# Opinions/Reviews for Purina Beyond wet food



## ina1032 (Jan 28, 2015)

So, in order to keep my other 2 cats from eating all of Chino's (my newly diagnosed 10.5 year old epileptic kitty) Science Diet k/d wet food, I decided that the other two could have wet food too. So, being that I'm pretty uneducated when it comes to wet food, I wanted to hear from you guys. 

So far, I've tried:
Fancy Feast Gravy Lovers - and they aren't THAT crazy about it
Iams Purrfect - I've had to throw out whole cans because they turn their noses up and refuse to eat it.

Yesterday, I bought Purina Beyond Grain Free (at $1.09/can!!!) and they seem to really like it. 

So, what is your opinion of the stuff? Heard good things? Bad things? 
I really don't know WHAT to believe....I read that grains such as wheat gluten and corn are really bad for cats (especially epileptics), then I've heard it has nothing to do with their diets. 

I am so confused.


----------



## howsefrau32 (Mar 6, 2013)

I am a big believer that wet food is way better than dry, do good for you for making sure they get wet food. I think grain free is best for cats, they do not need grains and fillers in their food. I have a feral cat who will only eat fancy feast, and so that's what she gets. I think the classics are better, or pate style. You can add some water to the food and make it kind of like a gravy. The ones with gravy, I can tell you, they do not seem to be as liked as the pate style ones. 

I personally think most grocery store cat food is not the best choice for cats. Do you have a Pet Co, or Pet Supermarket or some other pet store nearby? You can usually find some good foods there, and honestly, you can find some that are not a whole lot more expensive than fancy feast. The cheaper cat food is full of by-products, and some will say, that's not the worst thing a cat can eat, after all, you see what they eat in the wild. I prefer to feed my cats something with meat, something that is made in the USA, with meat from the USA. I have heard recently that some of the foods made in Thailand are not bad. Apparently, they have very strict standards, and also they do not spray their food with some of the chemicals that end up in pet foods made here in USA, at least that is what someone that owns a fancy pet food store was explaining to me. 

I rotate brands with my cats. I avoid the fish ones, because of mercury and also because the fish that they use for pet foods is usually very poor quality, and it's also not an ideal source of protein, for regular use anyway, and it can aggravate urinary troubles in cats that are prone to those problems. So I stick with chicken and turkey based products, for the most part. I do thrown in some fish ones now and then, as a treat, but not on a regular basis. Some of the brands I buy are Wellness, Weruva, Tikki Cat, Natural Balance, Nature's Variety Instinct, Halo, that is some of them. I find that if you feed a good quality food that is not full of corn, rice and fillers, that you can feed less of it to them, and they don't get as hungry, at least that's what it seems like to me. 

A really good link to read about what cats should eat, and why is Feeding Your Cat: Know the Basics of Feline Nutrition :: healthy cat diet, making cat food, litter box, cat food, cat nutrition, cat urinary tract health it explains so much, and why it is important for cats to get water in their diet, which canned food is about 80% water, vs. dry which has practically none. Cats don't have a natural thirst drive, so they need all of the water in their diet they can get. I have been down the road with UTI's and blockage in one of my cats, when he was on a dry diet, and I didn't know any better. Luckily, he was only 1, he was young, and a switch to wet food was enough to keep him from developing further problems with urinary issues. The link is very eye opening. One of the vets at the clinic I go to, he gives the link to all of his clients with cats, which is rare, because many vets just tell you to buy the Hill's cruddy food that they sell and make big profits off of. 
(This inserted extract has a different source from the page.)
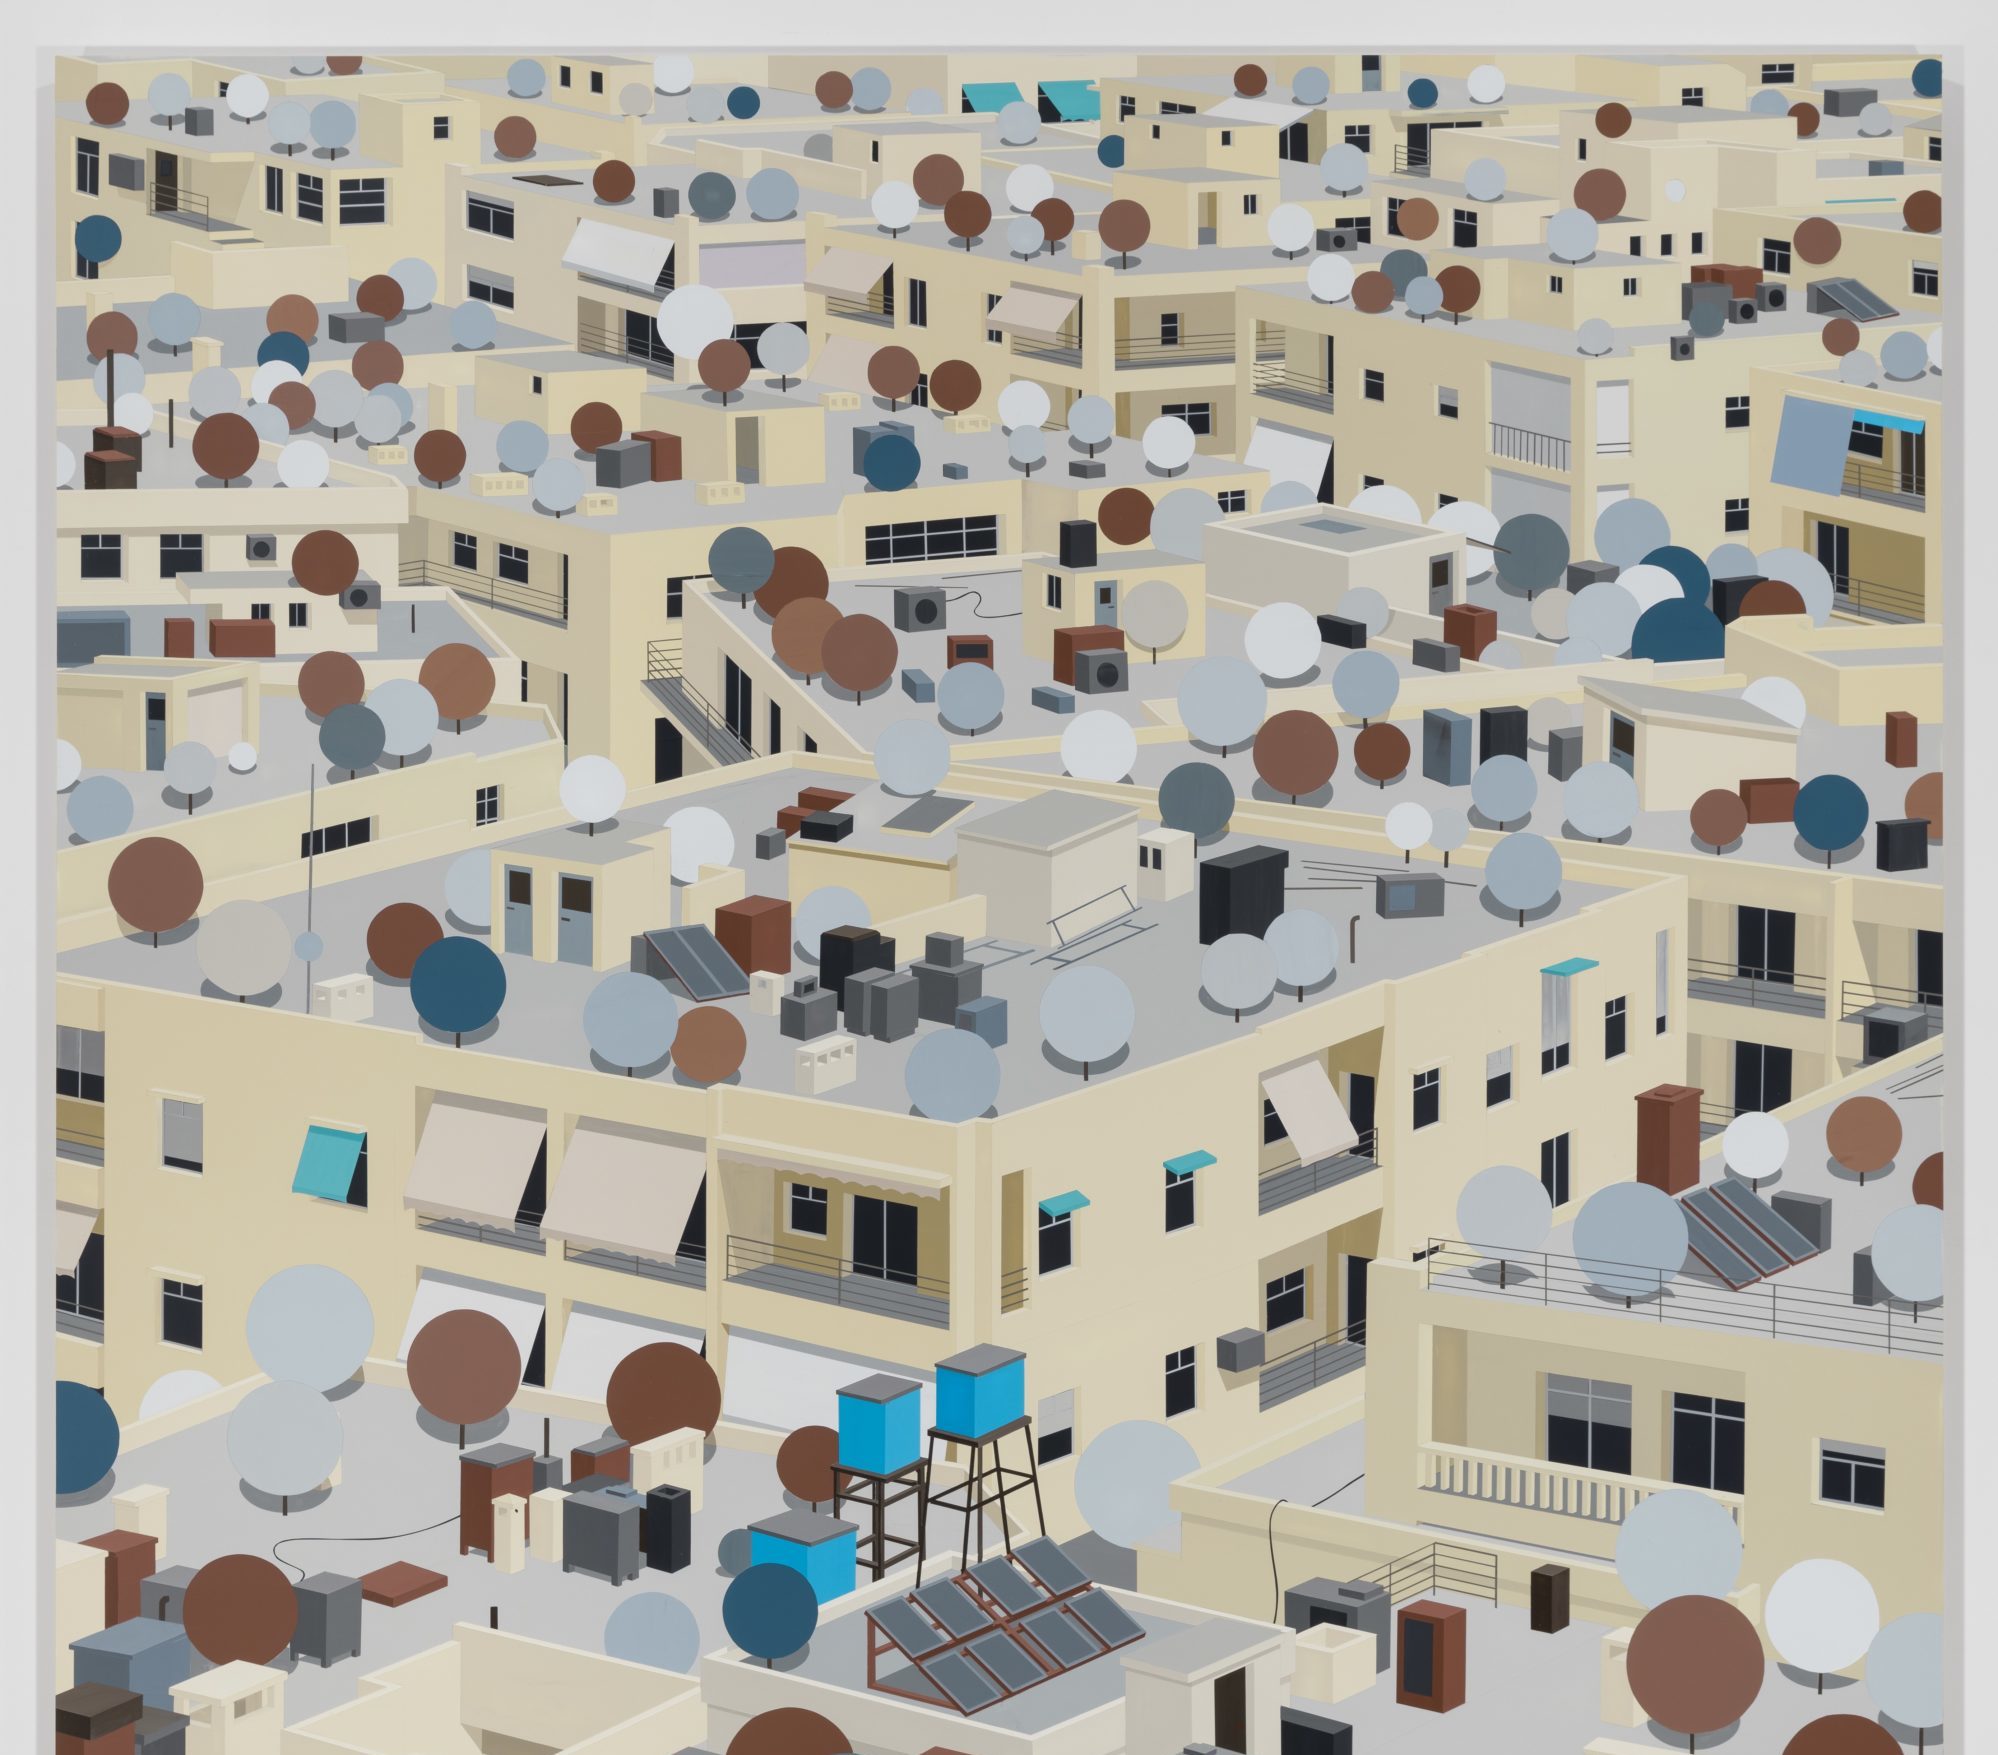 Depiction of the city Aleppo, with rooftops filled with satellite dishes.

I think if you can only give them cheaper food, fancy feast is not the worst thing you can give them. I would definitely stick with the pate or classic styles and avoid the gravy ones. From what I've read, the gravy ones, the ones they make to look more like human food, has more junk in it that cat's really don't need. If you can get to a pet store, and find some of the better brands, that would be better for your cat. If you can find the 12 ounce cans, I know that the Pet Smart near me has them in Wellness brand in the big cans, they are a better value. If you are only feeding one cat, a 12 ounce can sill last you a few days, depending on how big your cat is. I feel like you can feed less of Wellness than some other foods that are full of corn. Wellness seems to fill up my pig boy cat that is an eating machine. I can divide a 5 ounce can up between 3 cats (for one feeding). My cats get three meals a day. Early morning, early evening, and a bedtime snack, that is usually smaller. When my cats were little, they got the biggest meal at bedtime, it makes them sleep longer


----------



## TabbCatt (Mar 26, 2014)

Hi Ina,

I've looked over the product you've mentioned, and it looks like decent food (ingredient-wise), with the exception of Menadione Sodium Bisulfite in some of their canned foods, and that most of their foods are fish-based. I don't recommend feeding cats mostly a fish-based diet, it's usually addicting and after a while, they won't eat anything else. It's also a highly allergenic food in many cats. 

You can read more about fish and menadione here:
Why Fish is Dangerous for Cats | Little Big Cat
The ONLY Approved Vitamin K Supplement in Pet Food | Truth about Pet Food

While going grain-free is _fantastic_:thumb on your part, I also believe Purina's products are highly overpriced for what it is. I mean, this product comes only in those small, 3 oz cans, correct? If you're also trying to save some money, I'd say you can do a lot better buying canned foods from many other brands. Many of which you can find in your local independent stores, which are usually CHEAPER than big box pet store's pricing to remain competitive. 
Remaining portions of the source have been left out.